Postoperative induction of PCT largely depends on the type of surgery. Intestinal surgery and major operations more often increase PCT, whereas it is normal in the majority of patients after minor and primarily aseptic surgery. PCT can thus be used postoperatively for diagnostic means only when the range of PCT concentrations during the normal course of a certain type of surgery is considered and concentrations are followed up.

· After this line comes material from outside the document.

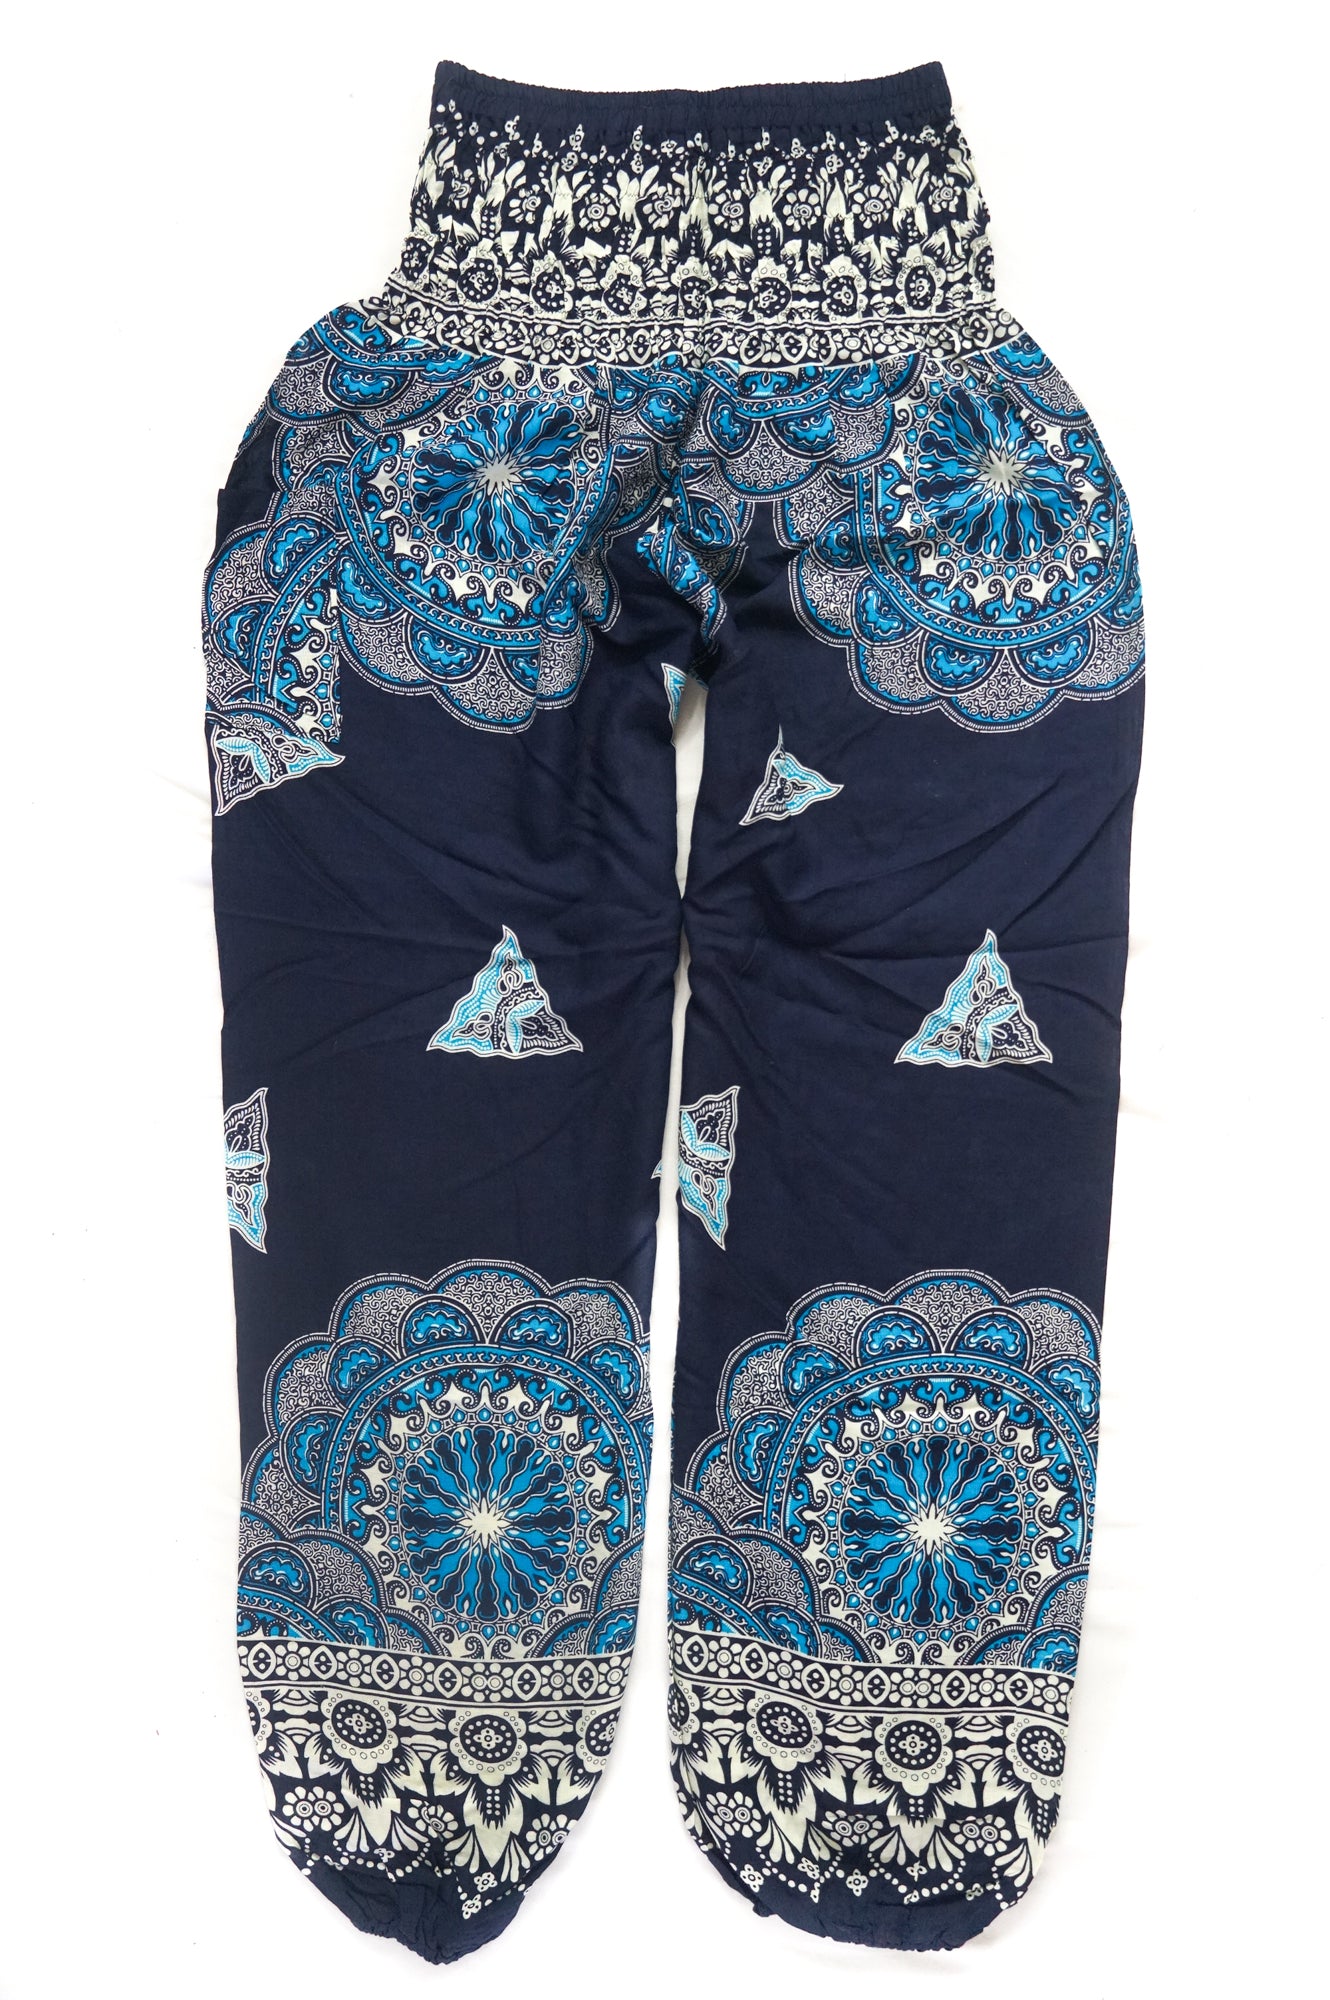 Royal Blue Mantra Harem Pants - Lamsri Bohemian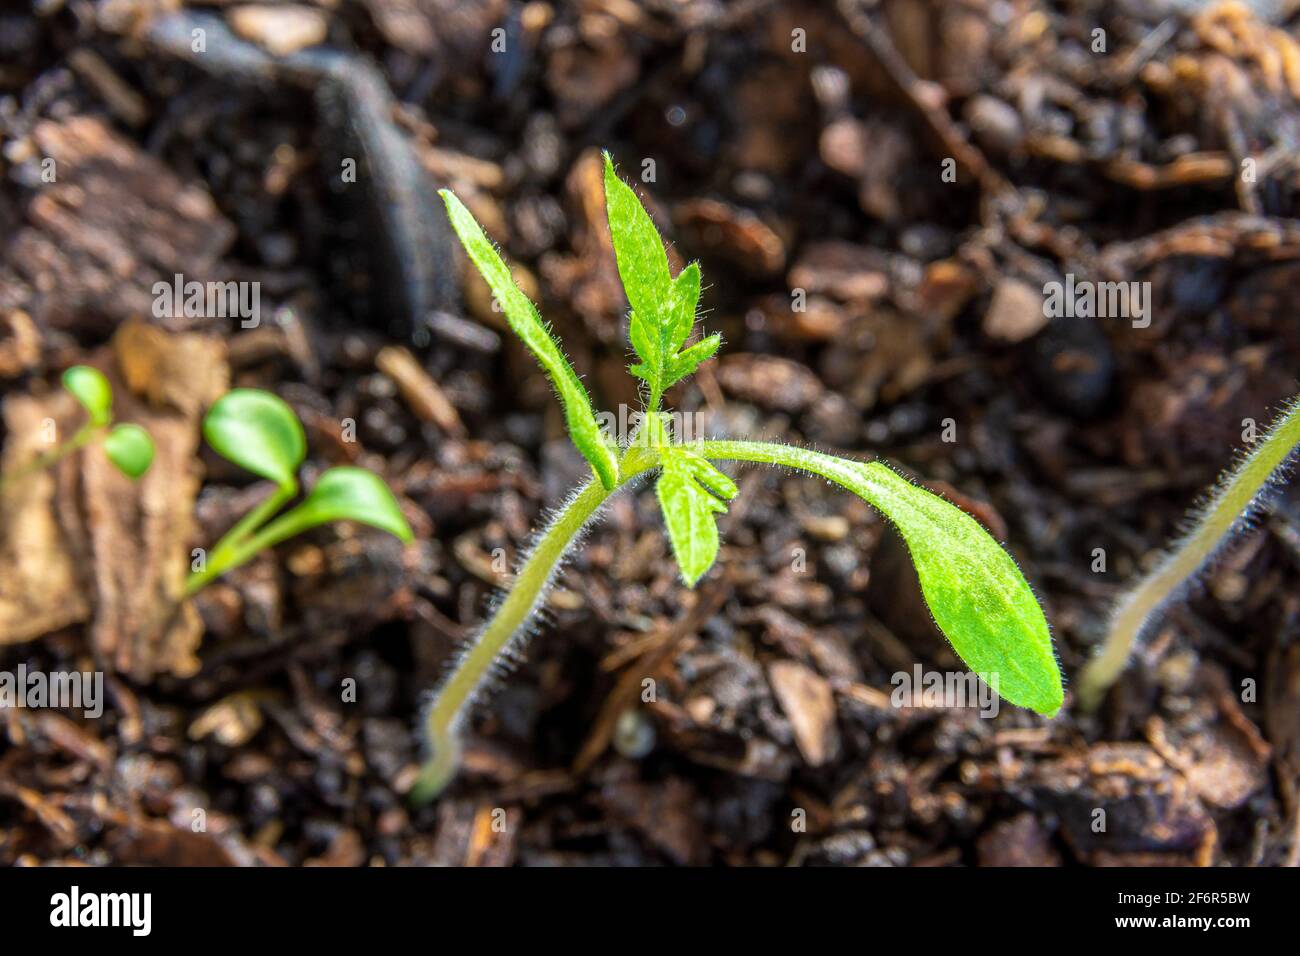 Les semis de tomates en mélange d'enrobage poussent à l'intérieur avec un éclairage artificiel supplémentaire. S'attend à des conditions favorables pour la plantation en terrain ouvert Banque D'Images

Endothelial activation and damage occur early during sepsis and play a major role in the pathophysiology of systemic inflammation. Various markers of endothelial activation are increased during sepsis and systemic inflammation, and in most studies, the level of markers such as soluble intercellular adhesion molecule, vascular cell adhesion molecule, and E selectin correlate well with the severity of inflammation and the course of the disease. However, to date, it remains unclear whether adhesion molecules and coagulation parameters are superior in this respect to interleukin-6 and procalcitonin, as direct comparisons are lacking. In addition, it is evident that markers of endothelial activation and coagulation parameters lack specificity for infection-induced endothelial damage and organ dysfunction.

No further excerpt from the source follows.